# What Did He Buy?



## Stephanie Smithson (Apr 1, 2016)

It seems my father is really starting to take an interest in bicycle since restoring a Monark deluxe for him. Yesterday he pulled up to my house and showed me these 4 tricycles he just purchased. I know nothing about trikes can anyone help me out? Let's just start with 2....the green one is an EVANS. Any idea of year/value? History? Second up close pic is an Colston. Seems to be the oldest in the fleet? Year/value? He paid $325 for all 4, I don't even know if that was a deal or not.


----------



## Dan the bike man (Apr 19, 2016)

He paid way too much. Trikes are hard to sell. They look like 50's and 1960's. I'd say $100-$200 for the 4 tops.


----------



## bricycle (Apr 19, 2016)

we all paid too much when we first started in the hobby. He liked them and he bought them. That's what it's all about!


----------



## Intense One (Apr 19, 2016)

Stephanie Smithson said:


> View attachment 300803 View attachment 300800 View attachment 300799 View attachment 300795 View attachment 300796 It seems my father is really starting to take an interest in bicycle since restoring a Monark deluxe for him. Yesterday he pulled up to my house and showed me these 4 tricycles he just purchased. I know nothing about trikes can anyone help me out? Let's just start with 2....the green one is an EVANS. Any idea of year/value? History? Second up close pic is an Colston. Seems to be the oldest in the fleet? Year/value? He paid $325 for all 4, I don't even know if that was a deal or not.

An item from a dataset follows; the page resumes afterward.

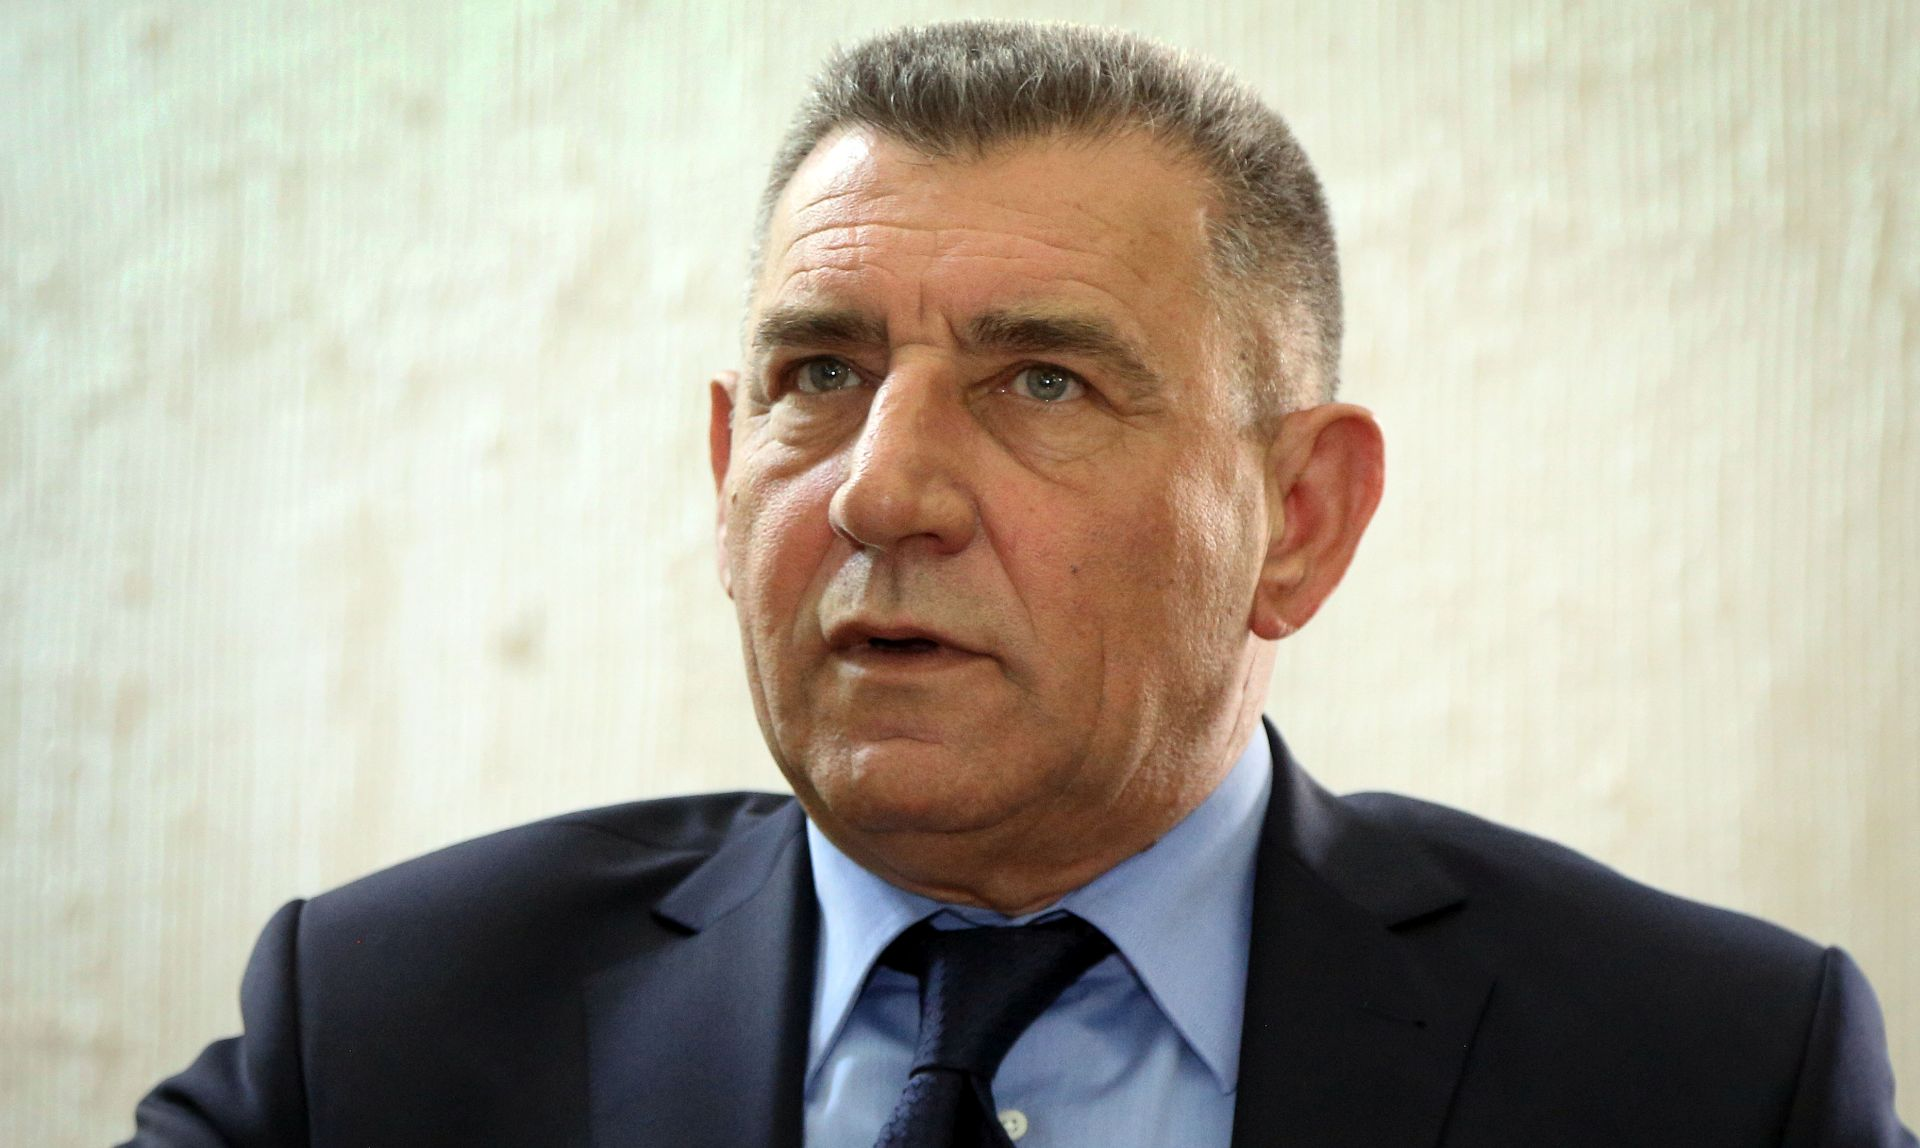 BIH Policija u Trebinju prijavila generala Gotovinu zbog navodnih ratnih zločina

I think your father should become part of the CABE, too.  Guess he just buys them and you do the research!


----------



## Stephanie Smithson (Apr 22, 2016)

Intense One said:


> I think your father should become part of the CABE, too.  Guess he just buys them and you do the research!



That's pretty much it. I will say that he is def into bikes at the moment. I have spent more time with him the last 6 months because of bikes than I prob have the last 10 years. My kids are even involved now because he got them each a stingray (lucky little devils). Only kids I know that ride 68 stingrays around the neighborhood and they love it! So does papa .


----------